Friday, May 24, 2013
Friends With Benefits
Being with a friend with benefits is a complicated thing because almost always one of the two people gets attached. Even if they didn't have feelings in the beginning or within the first year of the friendship, it builds up later in the relationship. Often times there are miscommunication with the title. The one person could think that there is no strings attached, but the other person assumes that because there is sex then there is a legit relationship so then it gets awkward. Another thing that happens is that once one of you get a significant other, the other person might get jealous even though you weren't together to begin with so then a friendship might get ruin.

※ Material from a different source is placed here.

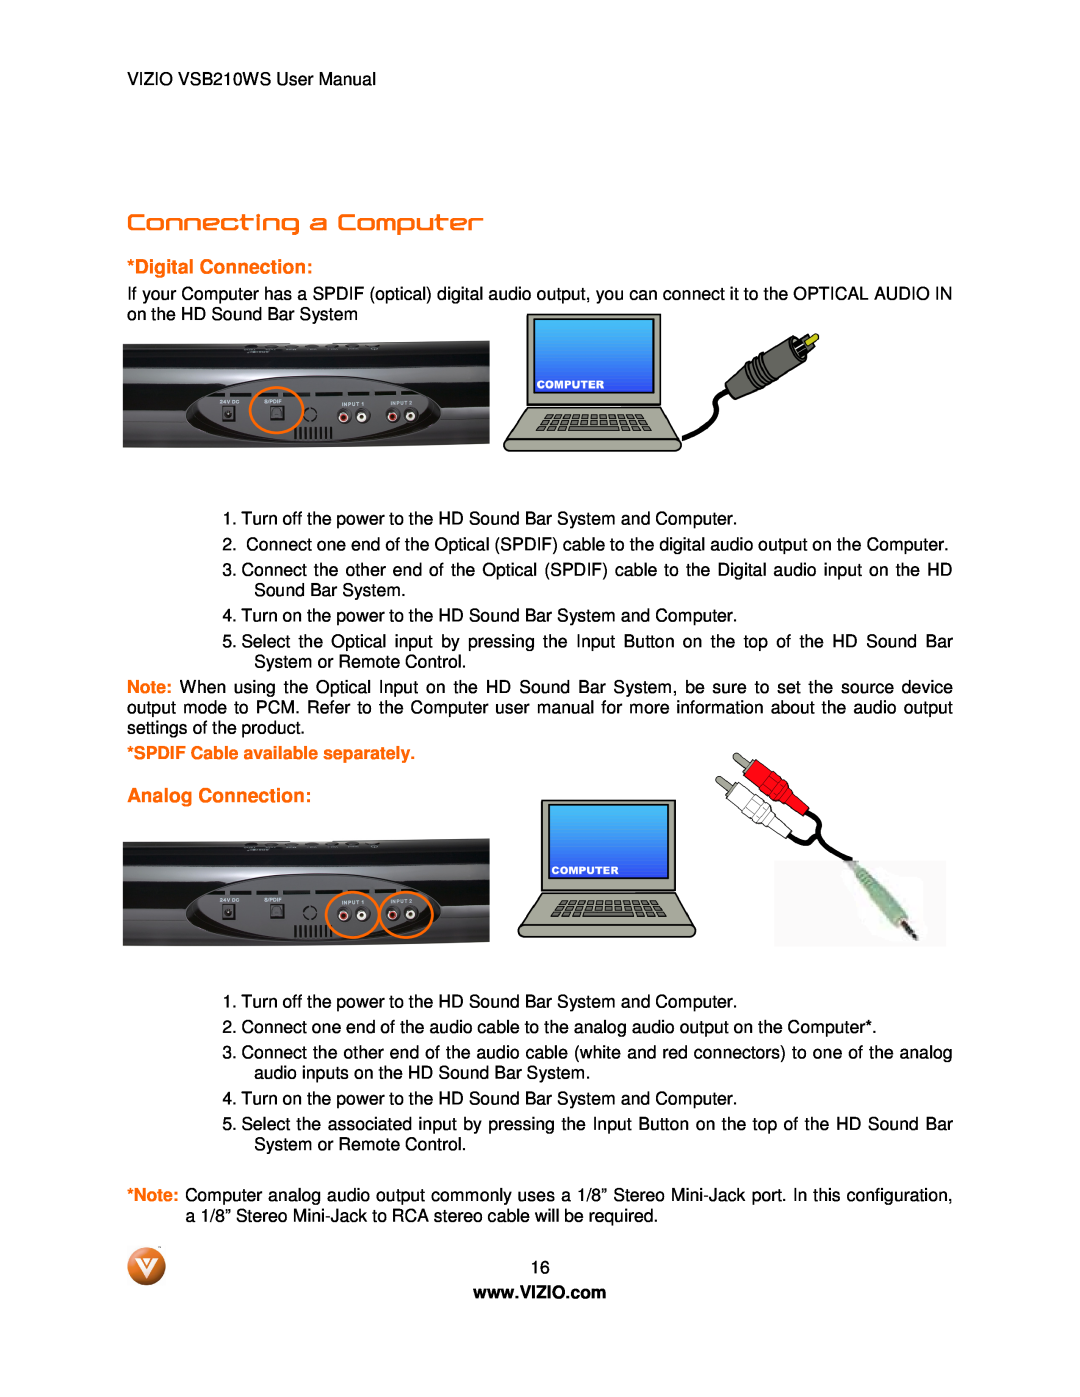 Vizio VSB210WS user manual Connecting a Computer, Digital Connection, Analog Connection, SPDIF Cable available separately

Since there are potential complications with this title there are rules that most people develope when establishing the relationship. Here are some that some people take into consideration:
Some people feel like texting should be your only communication when you are in a friend with benefits situation. Being that it is just a sexual relationship you can't treat it like you are dating. When hooking up, your text messages should be to the point and self-explanatory of what you are getting into that night, notice I said that night and not day. This means that booty call hours are operated because you are just getting with each other for sex. The main indication is that yes you are friends and it's ok to hang out, but the communication is limited as far as discussing any intimate details because you are trying to use each other for sex. Also sexting is not recommended because you might have some nosey friends in your group.
When sleeping over, don't get too carried away with overstaying your welcome. Even though you are just sex buddies, you still are regular buddies to so some people don't want to be too rude when kicking the person out. Since you are using each other for sex, you are following the booty call rule and just hitting and quitting it. Therefore what most people suggest is to keep your socks on during sex. Not because of the whole idea that having socks on makes you orgasm quicker, but it's that you don't want to get too comfortable at the person's place. Especially if the might potentionally catch feelings, cuddling and spending the night might push it. Once one of you leave, you are allowed to either walk the person out the door or give them a goodnight or good morning kiss goodbye since y'all are still friends, hopefully they will be out before dawn.
Obviously pet names are a no-no because again you are not in a monogamously committed relationship. Therefore you shouldn't have little cute names for each other. You might have nicknames, but leave it at that because pet names are a lot more initimate especially if it's based off of either a position that one of you did or a skill they performed on you or even a physiological effect based off of arousal (use your imagination with that one lol). So, just keep it simple with calling each other by your first name and keep it moving.
Greeting Each Other
Being that you two are friends, then be friends. Since there's benefits involved, in public there is to be no PDA. You are not a couple, especially if you guys share mutual friends you don't want to make your sexual relationship too obvious that anything is going on. So maybe do some high fives and hand shakes or even a dap, but no intimate smooches. Hugging is acceptable though. When hanging out with each other, balance it out with your schedules meaning if you are around each other a lot, don't make it suspicious enough to the point where other people question your status. Don't go out to dinner, or movies, give each other special gifts or anything that is considered dating unless it's like a group of you guys, not recommended. You don't want to confuse each other that it's turning into a relationship.
Those rules were like the four main rules that some people might go by. It might not be all the way accurate, but it was enough to sum up the status of the title. What were some of your rules if you were in a FWB? Did they help? Are the rules I listed bogus? Can friends with benefits ruin a friendship?
If you are in a friends with benefits situation make sure it is safe and fun, and don't let your emotions get the best of you!